Results in a new codon that encodes a new amino acid.

Nonsense mutation

Converts an existing codon encoding an amino acid into a stop codon, prematurely signaling the cell to stop building a protein; it produces a truncated, usually non-functioning protein.

Forward mutation

Changes a wild type allele to a mutant allele.

Backward mutation

Reverts a mutant allele to a wild type allele.

Frameshift mutation

Results in a shifted reading frame of RNA transcript, causing different amino acids to be translated and resulting in impaired protein structure.

Plasmids

Small, circular double stranded DNA molecules that are separate from the main prokaryotic DNA; carry genes that are non-essential but may be beneficial for survival and replicate independently.

Operons

Gene clusters that control transcription and consist of promoter, operator, structural genes.

Promoter (prokaryotic)

DNA sequence where RNA Polymerase attaches to in prokaryotes.

Operator (prokaryotic)

Region that can block the action of RNA Polymerase if occupied by a repressor in prokaryotes.

Structural genes (prokaryotic)

Genes that code for proteins that are to be produced in prokaryotes.

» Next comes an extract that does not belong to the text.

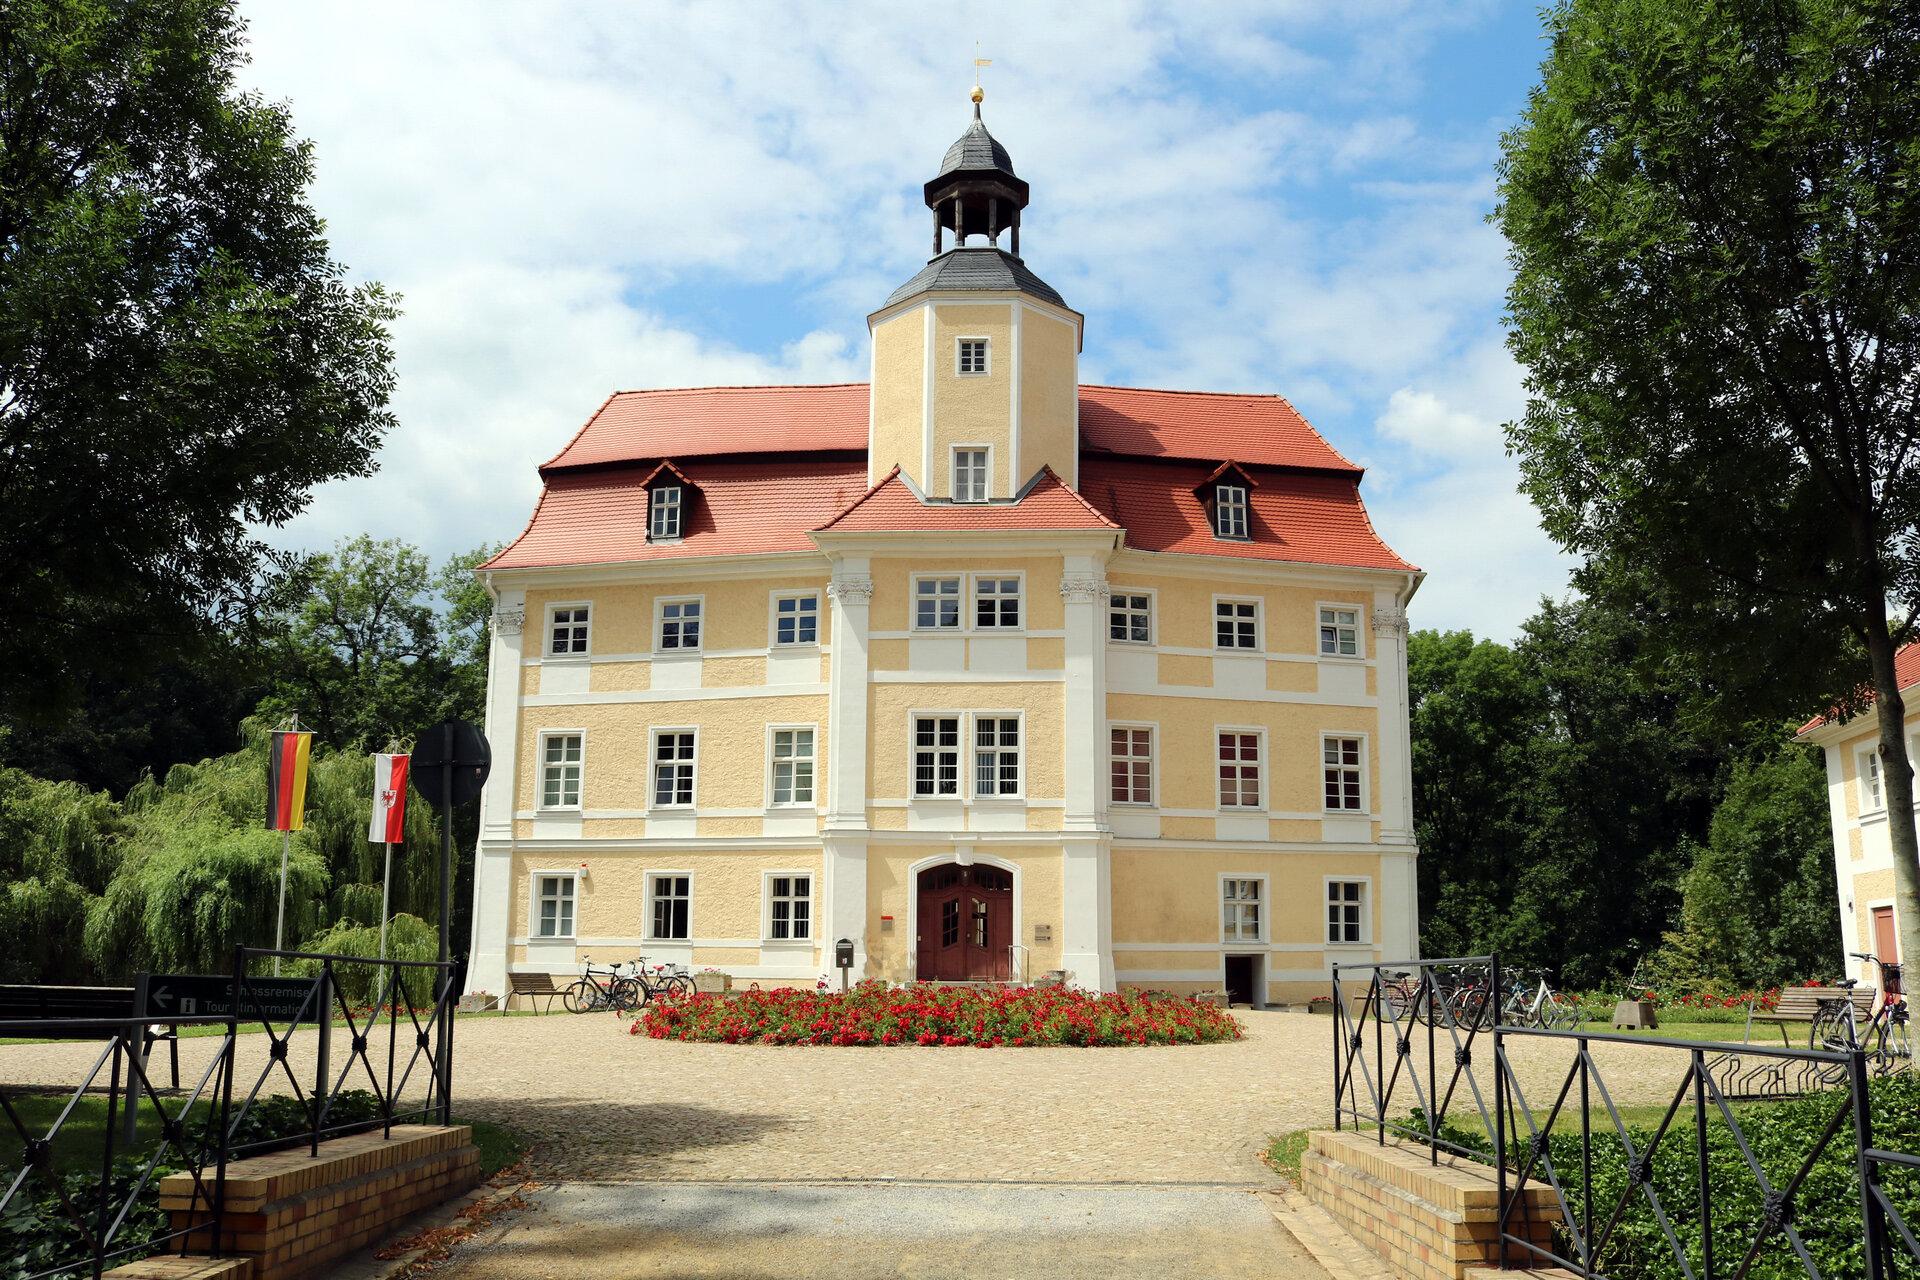 Stadtschloss Vetschau/Spreewald, Foto: Steffen Römelt

Regulatory genes (prokaryotic)

Genes that encode products that control the expression of other genes in prokaryotes.

Repressor (prokaryotic)

Protein that binds to the operator of prokaryotic genes to decrease transcription.

Activator (enhancer) [prokaryotic]

Protein that binds to prokaryotic operators to increase transcription and assists the attachment of RNA Polymerase to promoter.

Lac Operon

Operon in prokaryotic cell that encodes genes required for processing of lactose; presence of lactose induces the operon to produce lactose breakdown enzymes.

Trp Operon

A group of genes necessary to synthesize tryptophan in prokaryotic cells.

Conjugation (bacterial)

DNA is transferred from a living donor bacterium to a living recipient bacterium by cell-to-cell contact using a pilus (bridge) to send its DNA or plasmid to the recipient.

Transformation (bacterial)

A competent recipient bacterium takes up free DNA from the surrounding.

Transduction (bacterial)

DNA is transferred from one bacterium to another by a bacteriophage (virus that infects bacteria).

Genome

Complete genetic information for an organism; majority of the human genome consists of non-coding DNA.

Transcriptome

Set of all RNA molecules that can be produced by a cell.

Proteome

Complete set of proteins in an organism that are expressed.